Hanwha Energy Australia has tapped Azure Capital to find a like-minded investment partner for its shovel-ready solar and battery storage assets in NSW.
Street Talk understands the South Korean player has begun an investor search after nearly five years of work on its Australian assets. It wants to have a partner locked in by year-end, just in time for grid connections for the solar farms, sources said.
The portfolio includes three assets. The Gregadoo solar farm, which has a 65 megawatts capacity (on an alternating current basis), is located 8 kilometres from Wagga Wagga. About 120 kilometres from Gregadoo, Hanwha is ready to build a bigger 120-megawatt solar farm. It has development approval for a co-located 30-megawatt battery energy storage system. Lastly, there’s an option to acquire an interest in a 200-megawatt battery at Boiling Down.
Potential partners have been told Hanwha expects Gregadoo to receive an offer to connect in the September quarter, followed by Jindera in the December quarter. Notice to proceed for both would be squared off by March. In short, it’s done the grunt work and is ready to build the farms with a partner.
A highlight of the sell-side pitch is Hanwha’s electricity retaining arm Nectr, which will sign fixed-price offtakes to buy both solar farms’ entire output for the next 10 years.

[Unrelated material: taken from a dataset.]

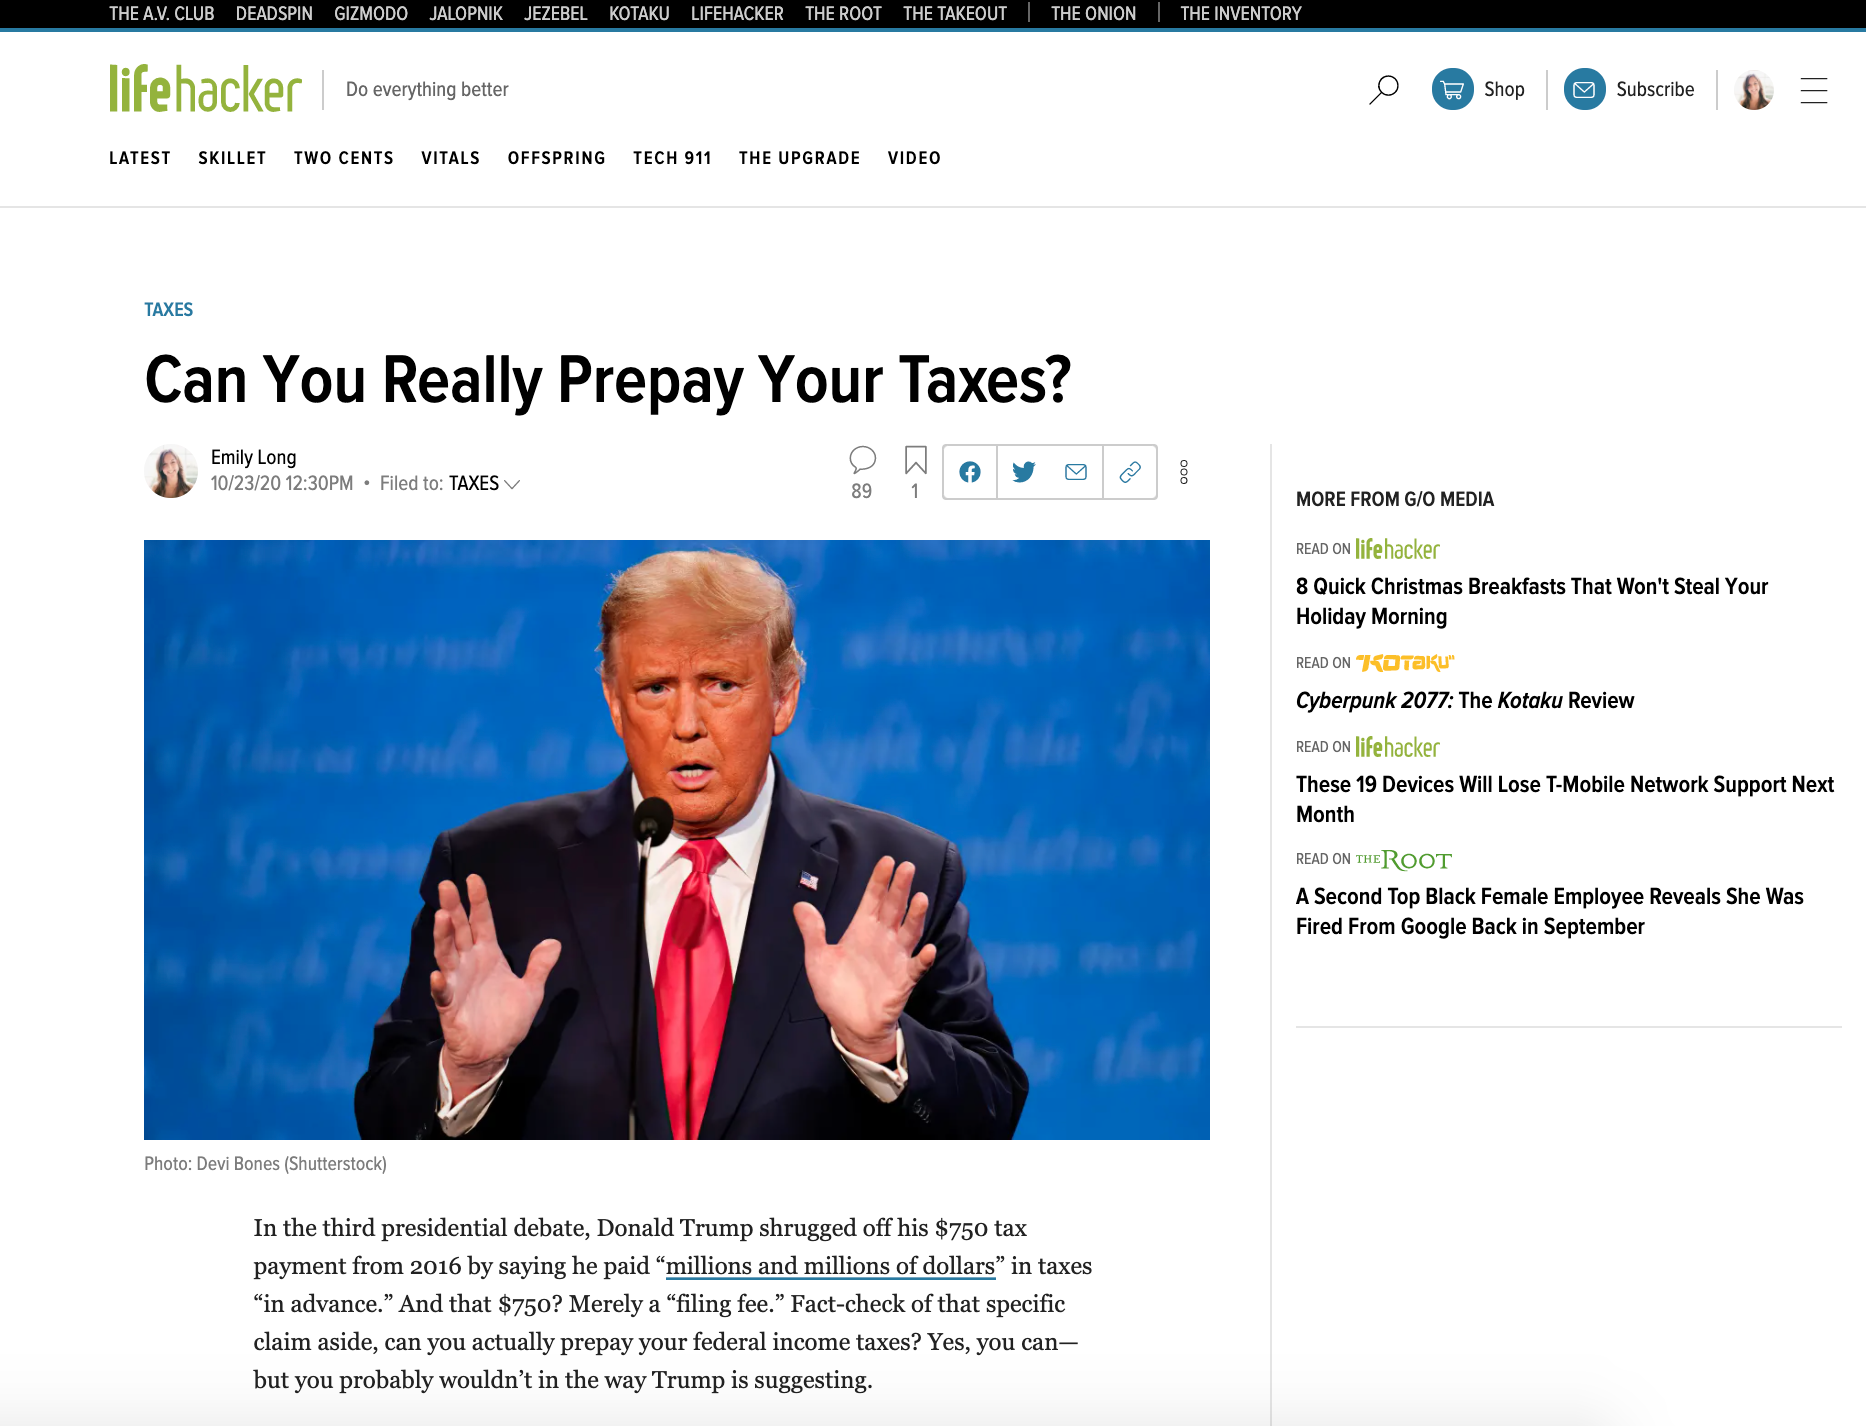 Lifehacker: Can You Really Prepay Your Taxes?

Nectr already has 38,000 residential and commercial customers and is aiming to provide “energy as a platform service” by 2025. These power purchase agreements are guaranteed by Hanwha’s South Korean parent, making them “investment grade”.
Azure dealmakers also pointed out that the assets are ideally located: no grid risks, close to regional reference nodes, and primed to build sub-stations for grid connections less than a kilometre away from the sites. The flyer said all federal and state government approvals have been ticked off, long-term leases agreements have been signed, and talks with a top-tier contractor to start building are under way.
It flaunted Hanwha’s renewables credentials, which includes a 16-gigawatt global solar pipeline and in-house development expertise. And, of course, tyre kickers were reminded with coal-fired electricity on its way out – think Eraring’s closure slated for 2025 – fixed price contracts could help alleviate NSW’s exposure to volatile energy prices.
Azure is expected to run a traditional two-part process. An information memorandum and financial model would be available before first-round bids. Parties advancing to the second round would get access to detailed due diligence and management presentations.
It’s Street Talk’s second sighting of Hanwha on the local dealmaking scene this year. As previously reported, the company – among the seven largest conglomerates in South Korea – is among suitors circling listed shipbuilder Austal.
Hanwha’s solar portfolio has landed on the dealmaking circuit, on the back of a flurry of renewables transactions in which CWP Renewables, Spark Renewables and Wirsol Energy all changed hands. RBC Capital Markets is running a process for Alinta’s Victorian offshore wind project Spinifex; Macquarie Capital’s busy with LightSource BP’s $1 billion Aussie solar farms, and ICA Partners has been showing a renewables pipeline.